Employees must also agree/consent if MDM software is used to monitor the device, the activities that are monitored and whether or not geo-location is used.
Finally, employees will need to understand what will happen to their own personal data stored on the device, in the event the device has to be disabled.
This method has all the benefits of being easy to use, from the end-user perspective, whilst being very secure from the business perspective. The business can also perform operations such as locating devices, should they be lost or stolen, or performing a block and wipe remotely.
A BYOD policy in itself does not provide sufficient safeguards. All confidential/personal data must be encrypted. Just setting a document/spreadsheet as read-only, or creating a password to open the document/spreadsheet is not the same as encrypting the data.
Firms must assess what personal data is being transferred from and to which devices. Then perform a risk assessment of the chances of the data getting into the public domain, and then use appropriate encryption methods to protect that confidential/personal data.
Other issues to consider
- device password protection - Each BYOD device must have a start-up password/pin and should lock if not active for a specified number of minutes, or lock if an incorrect password/pin is entered for so many attempts
- mislaid devices - as part of the BYOD policy the employee will need to know who to contact and what will happen to the device if it is mislaid (i.e. what data might be wiped from the device)
- cost - the firm may or may not agree to pay for certain mobile device charges or the cost of replacement of lost/stolen or damaged devices when used for business purposes
- acceptable use policy - the firm will want to ensure that any acceptable use policy also applies to BYOD devices
- devices that have been rooted/jail-broken should not be permitted and a strict policy should be in place that any device setup for BYOD is then not subsequently rooted/jailbroken
- storage media - the firm may want to specify the approach with regard to memory/SD cards, in particular whether they are encrypted or whether data can be stored upon them
Implementing the BYOD policy
BYOD can either be formulated as a separate policy, added to an existing acceptable use policy, or added to an existing internet and email policy or social media policy.
Company devices, by default, will come under the scope of BYOD.
Employees with their own personal devices should be given the opportunity to opt-out or opt-in to the BYOD policy:-
- opt-out -Decline to sign-up for the BYOD policy - in which case the employee will not be able to use any personal devices for work
- opt-in - Agree to sign-up for the BYOD policy - in which case their device will need to be registered on the network and also, if applicable, with a mobile device management service.
See our summary for our four easy steps in defining and implementing a BYOD policy.
It is important that the employer (who is the Data Controller) remains compliant with the GDPR with regard to the processing of personal data.

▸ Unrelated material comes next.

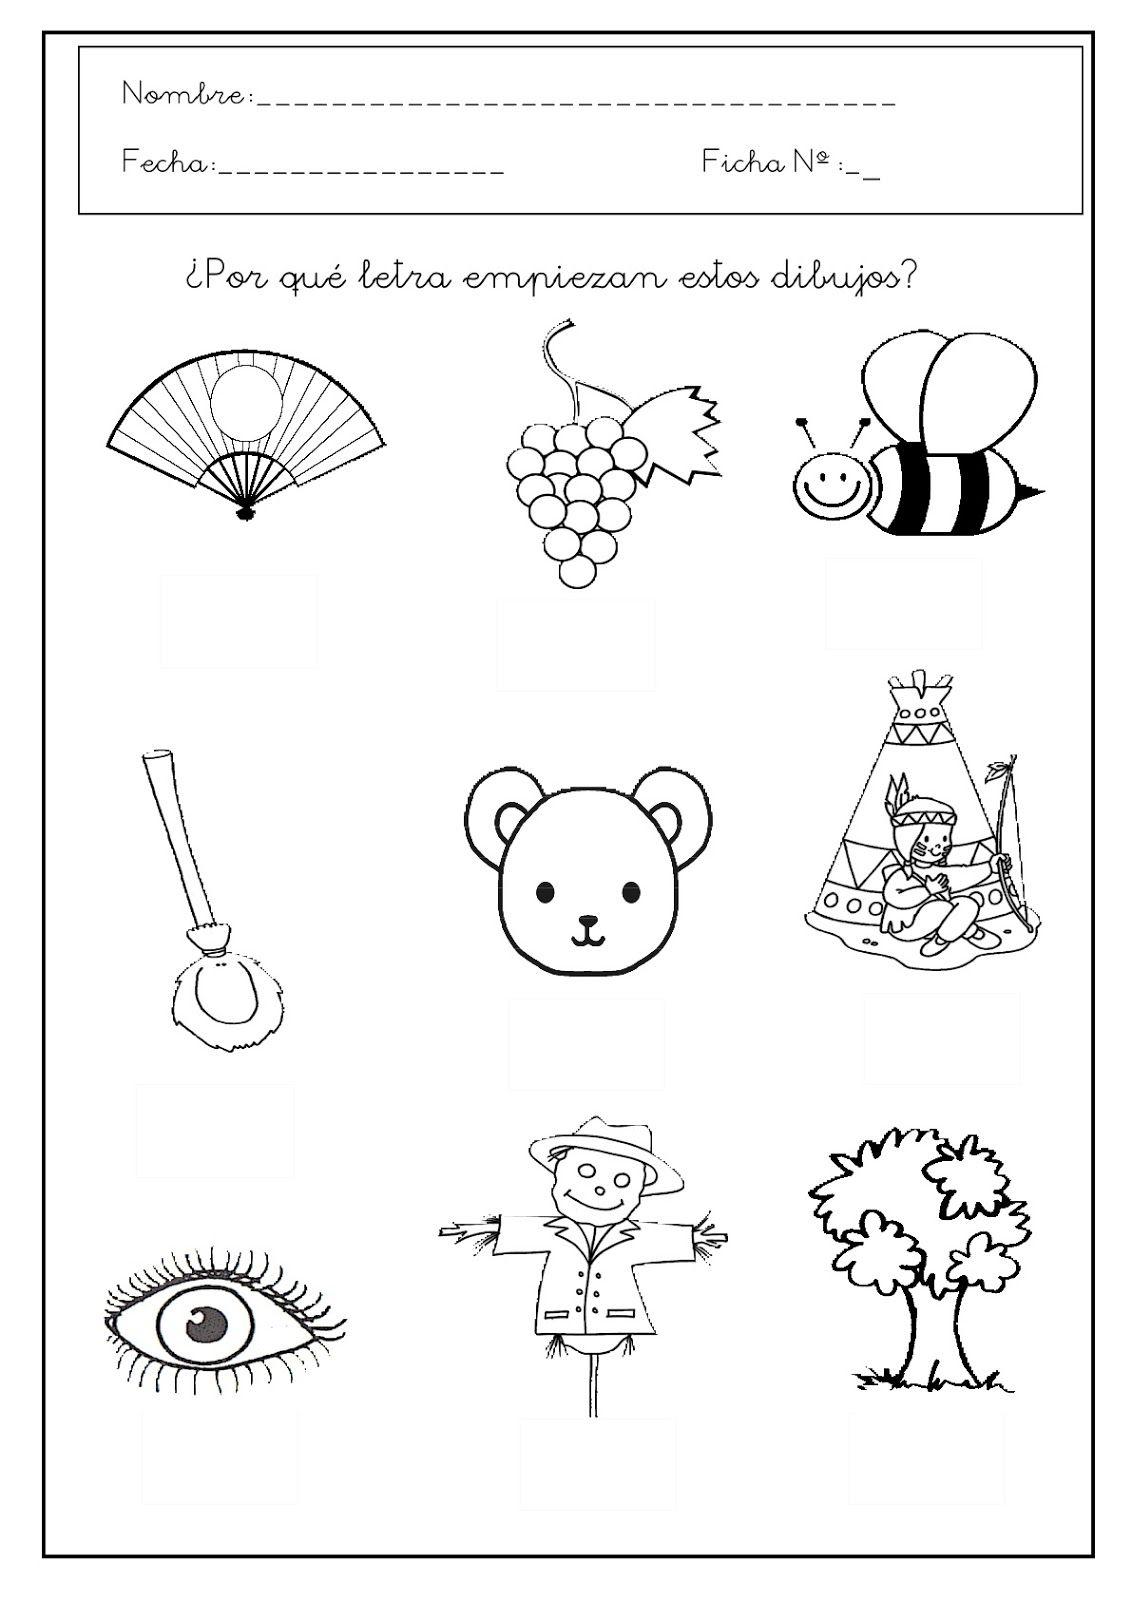 Pin de manu fruchier en lectoescritura | Pinterest | Actividades ...

In the event of a security breach, the employer must be able to demonstrate that all personal data stored on a particular device is secured, controlled or deleted. Having a BYOD policy will go a long way towards meeting that objective.
Four steps to defining and implementing a BYOD
- Step one - audit devices and usage
- What devices are currently allowed onto the network?
- What access rights do they have?
- What applications do they use?
- What data should they store?
- Step two - level of BYOD
- no devices
- approved list
- all/any devices
- define which applications are accessible to mobile devices.
- Step three - BYOD policy
- Formulate and write the BYOD policy.
- Make appropriate network infrastructure security changes and procure any additional services (such as MDM)
- Decide if additional security is required, such as data encryption tools
- Define and communicate a date for implementing the policy
- Step four - implementation date
- Remove all current devices and ensure they are not holding data.
- Register approved devices
- Employees who own such devices sign BYOD.